China coal-fired power generation falls in 2025 as renewables outpace demand growth

Monday, February 16 2026 - 10:55 AM WIB

By Romel S. Gurky

China’s coal-fired power generation fell 1.9% in 2025, marking its first annual decline since 2015 as non-fossil generation met rising electricity demand, consultancy Wood Mackenzie said in a report.

Power demand rose 5% in 2025, or 494 terawatt hours, but incremental demand was supplied by carbon-free sources including wind, solar, nuclear and hydro rather than coal.

China’s wind and solar capacity has expanded more than tenfold over the past decade to 1,842 gigawatts, supported by steep declines in generation costs. Since 2015, levelized costs of energy for utility-scale solar and onshore wind have fallen 77% and 73%, respectively, Wood Mackenzie said.

Nuclear capacity increased to 62 GW from 27 GW in 2015, while combined nuclear and hydro capacity now totals 445 GW. China has also deployed 340 GW of inter-regional transmission capacity to connect renewable resources in western and northern regions to major demand centres in the east and south.

Read also : China could lift coal output this year amid Indonesian curbs

Coal plant utilisation rates have declined steadily, with capacity factors falling from 60% in 2011 to 52% in 2024 and 48.2% in 2025. Wood Mackenzie expects utilisation to drop further to 32% by 2035 as parts of the fleet transition to reserve status.

Coal plants are increasingly shifting from baseload power suppliers to providers of flexibility to balance variable renewable generation. Around 600 GW of coal capacity has undergone flexibility retrofits, the report said.

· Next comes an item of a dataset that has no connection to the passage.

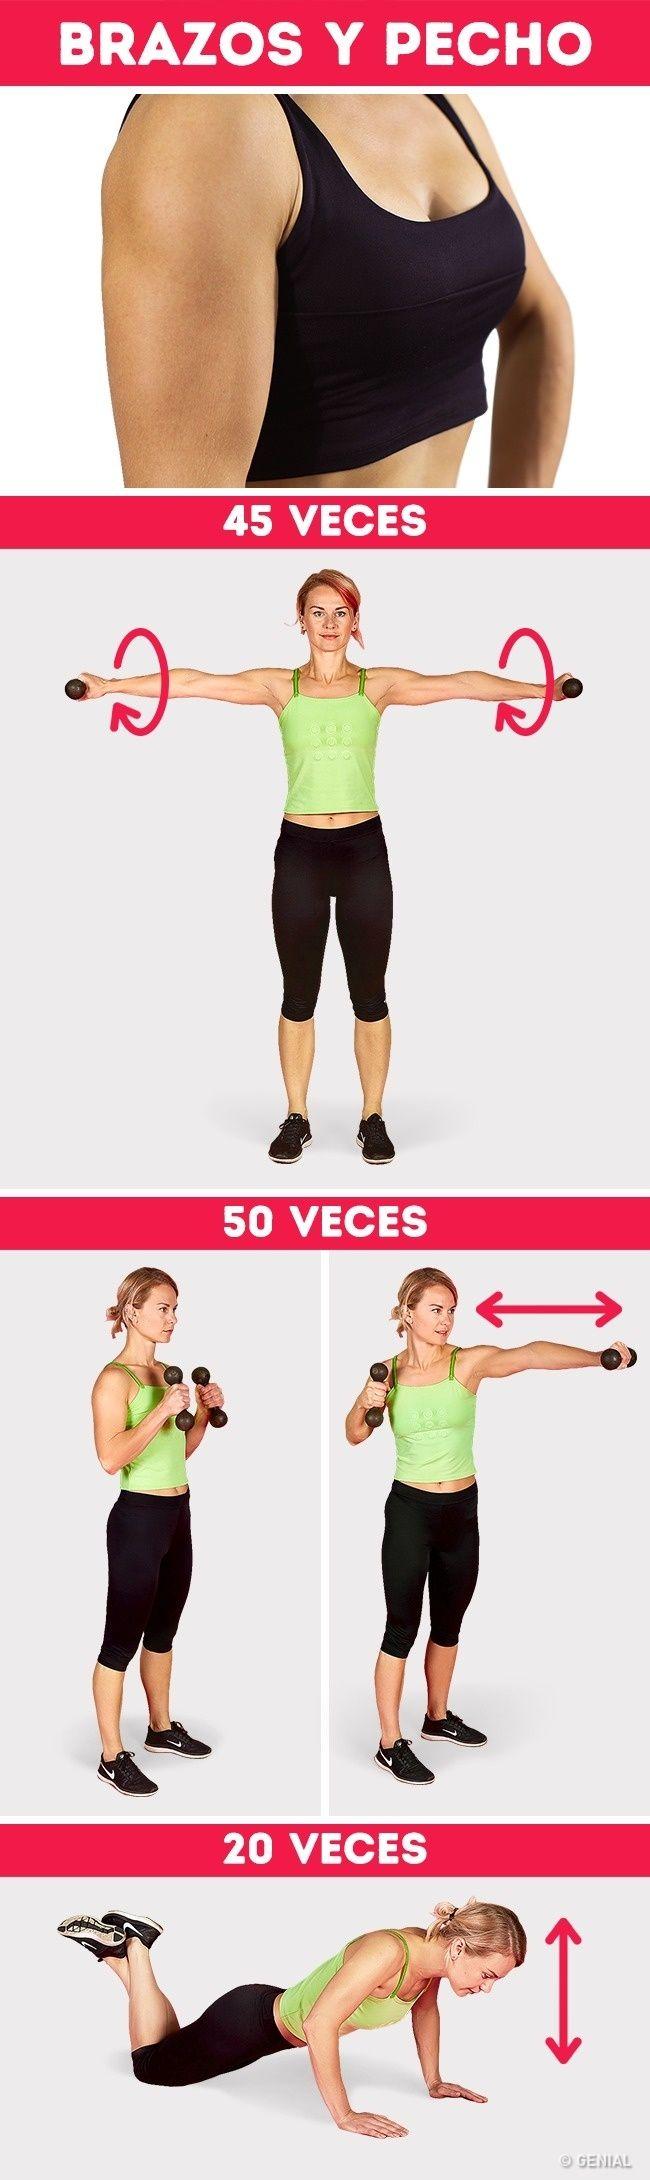 Obedece a tu cuerpo bajar de peso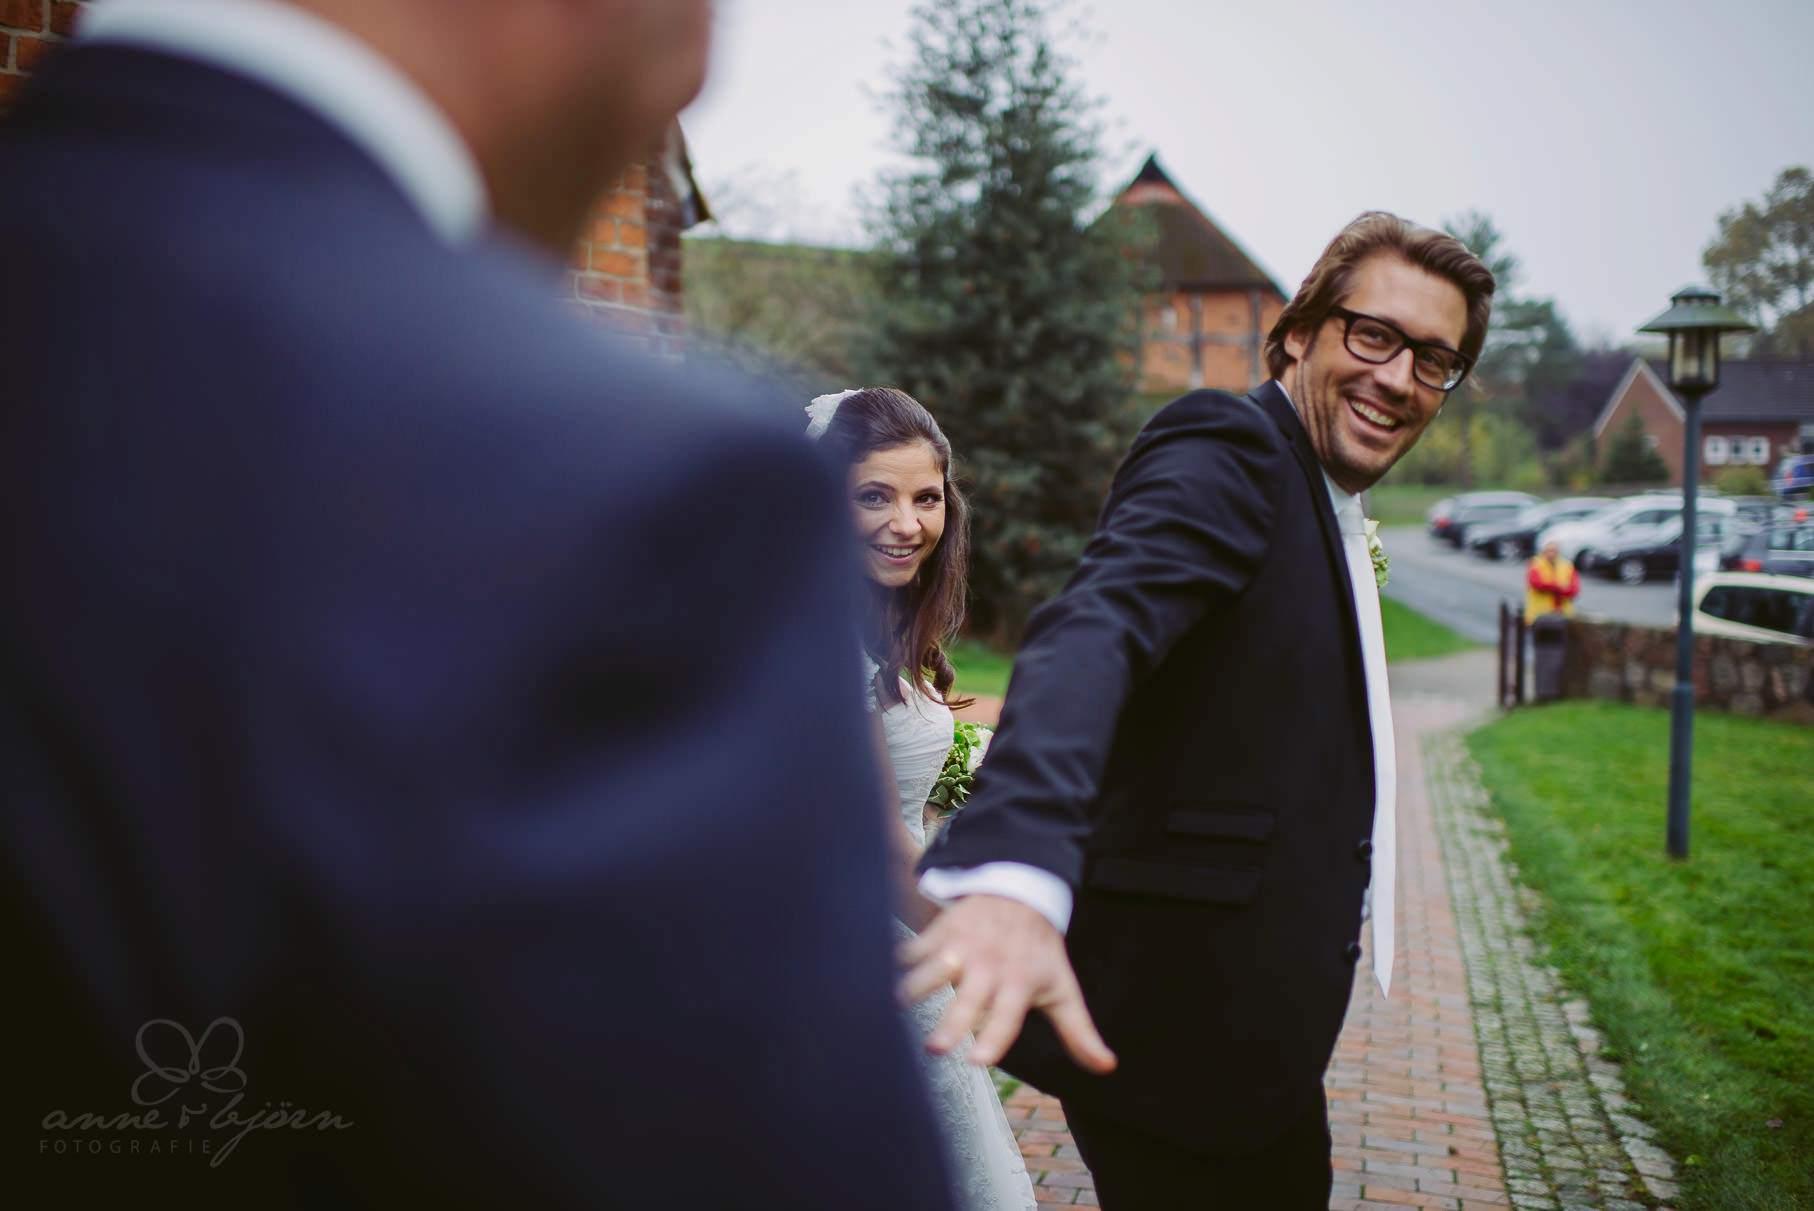 0070 aub 812 9601 - Hochzeit auf Gut Thansen - Anja & Björn

Sharon Feng, senior research analyst at Wood Mackenzie, said the 2025 decline suggests China’s power sector carbon emissions may have peaked in 2024, though she cautioned that coal generation could remain on an “undulating plateau” in coming years.

Uncertainty remains over future power demand growth, extreme weather risks, renewable investment trends and grid resilience. Rapid expansion of artificial intelligence and data centres could drive additional electricity demand. Wood Mackenzie estimates China’s data centre capacity will reach 78 GW by 2030, up 105% from 38 GW in 2024, potentially sustaining reliance on existing coal-fired plants to ensure grid reliability.